I remember those earlier discussions well, some of them dating back to the days of the Last Mile Technology Thread during the late nineties. As for the low-latency trading space, there have always been firms, going back to the sixties, that use rooftop- and window- based microwave in the financial securities sector. I suspected, a while ago, that if anyone was using RF for its latency characteristics they'd pretty much have an incentive it keep it to themselves, given the competitive advantage they'd lose by boasting about it. It kinda makes it hard for those who are not good at containing the urge to brag, but given the stakes, but the tradeoffs for keeping the matter steeped in stealth is probably well worth it.

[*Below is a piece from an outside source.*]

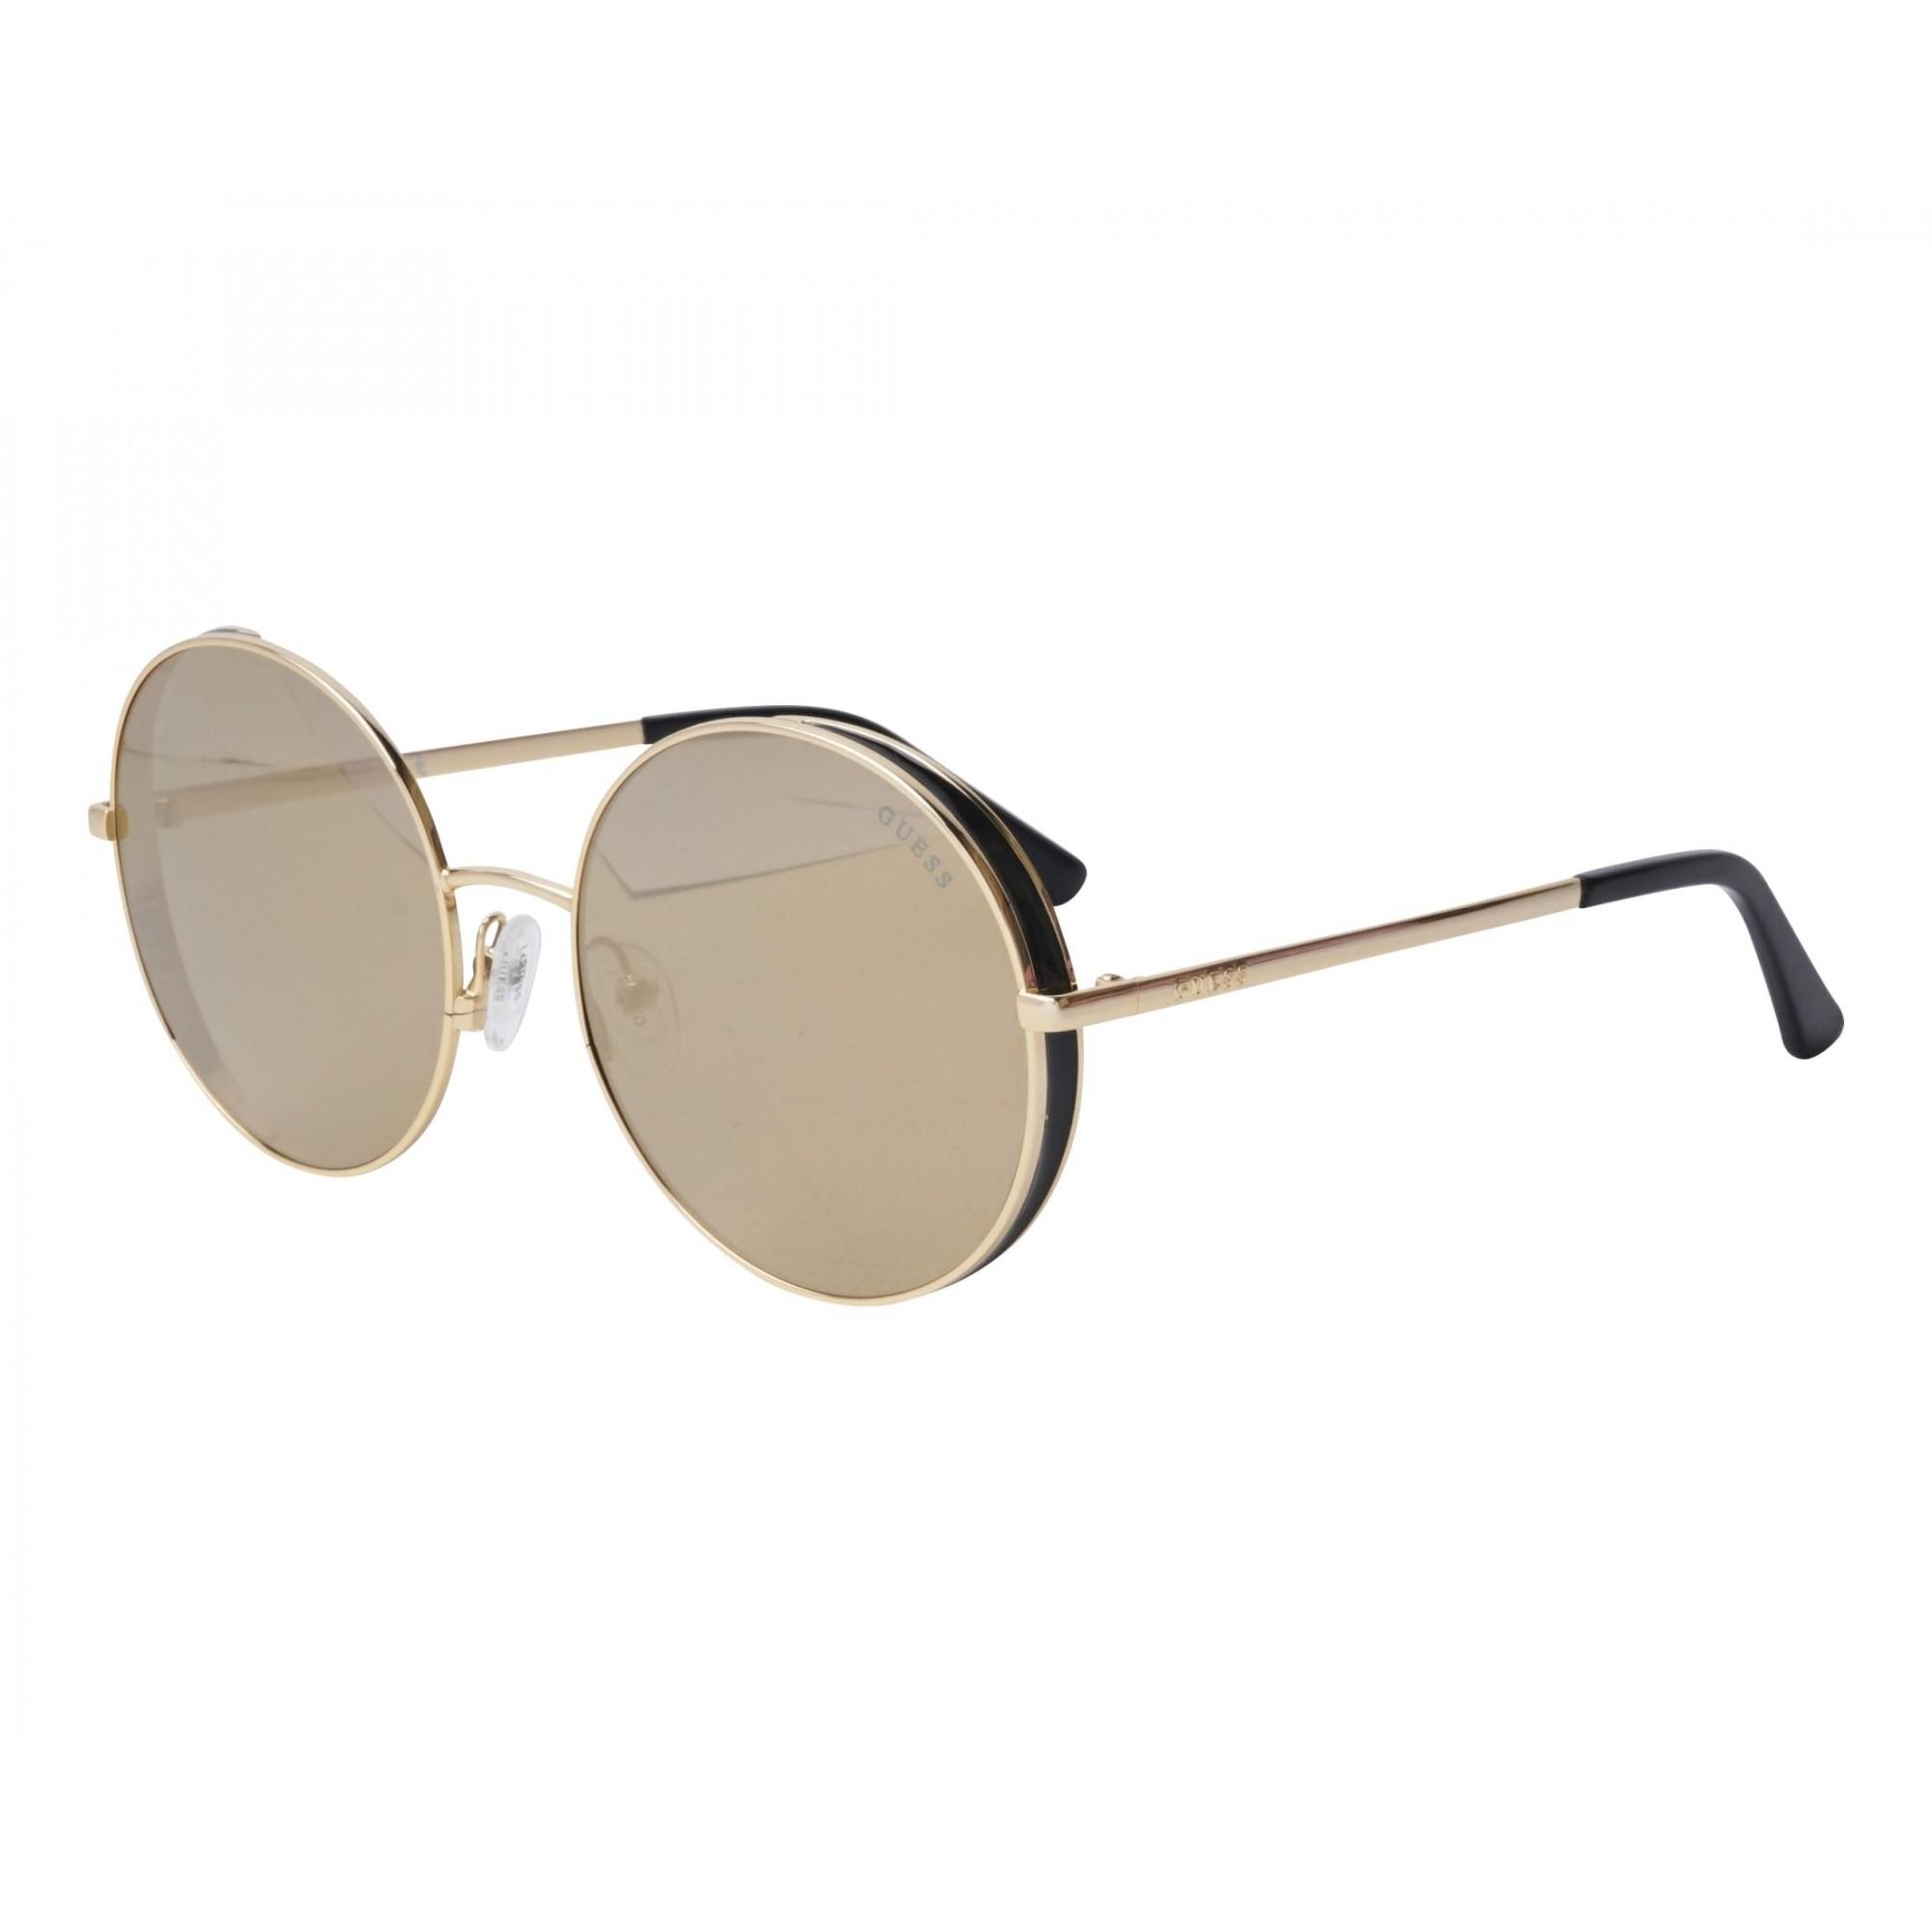 Guess - GU7606 32G 57 - Óculos de Sol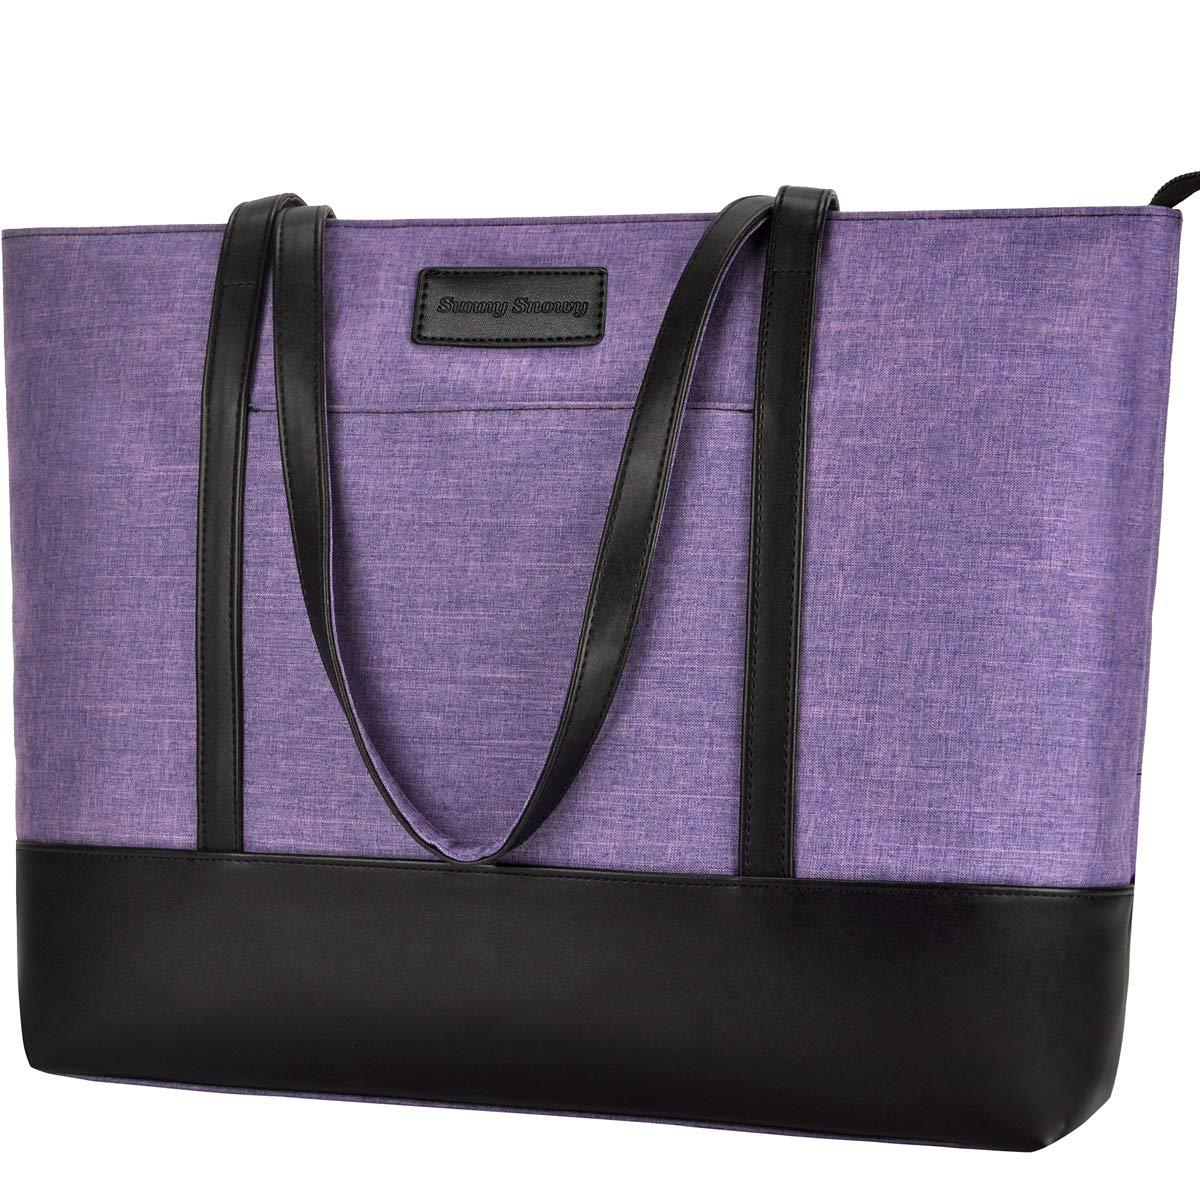 15-15.6 Laptop Tote Bag,Lightweight Water Resistant Nylon Laptop Bag for Woman[Purple]

Or, at least it 'was', until now :)

A little over a year ago, IIRC, I posited this assertion (which your reference article details nicely) in an off-list (PM) discussion with a fellow board member here in nFCTF (who is free to step forward on his own if he chooses) and proceeded to run the numbers per the coefficients outlined here: tinyurl.com . The results unsurprisingly supported the thesis.

One of the interesting aspects about this, from my perspective, is the siting of surrogate/satellite/virtually-colocated data centers along corridors that tie together urban trading centers and the data centers of the primary exchanges. It recalls how towns and trader posts were built along railroad tracks, rivers, etc., but didn't necessarily have to be so if wireless were used instead of fiber.

Interestingly, today this presents a new kind of problem, a paradox, if you will, and that is the RF "path" congestion on those same corridors connecting data centers that might not have been located where they now exist if wireless had remained a dominant or equally utilized part of the mix. The primary data centers, too, are either initially situated along existing fiber routes, I should add, or their very existence in a given location becomes the impetus for building more fiber routes to them.

Of course, most pundits/journalists/practitioners believe the myths they spew, and there is no greater myth in our space today than the belief that fiber offers communications at the speed of light.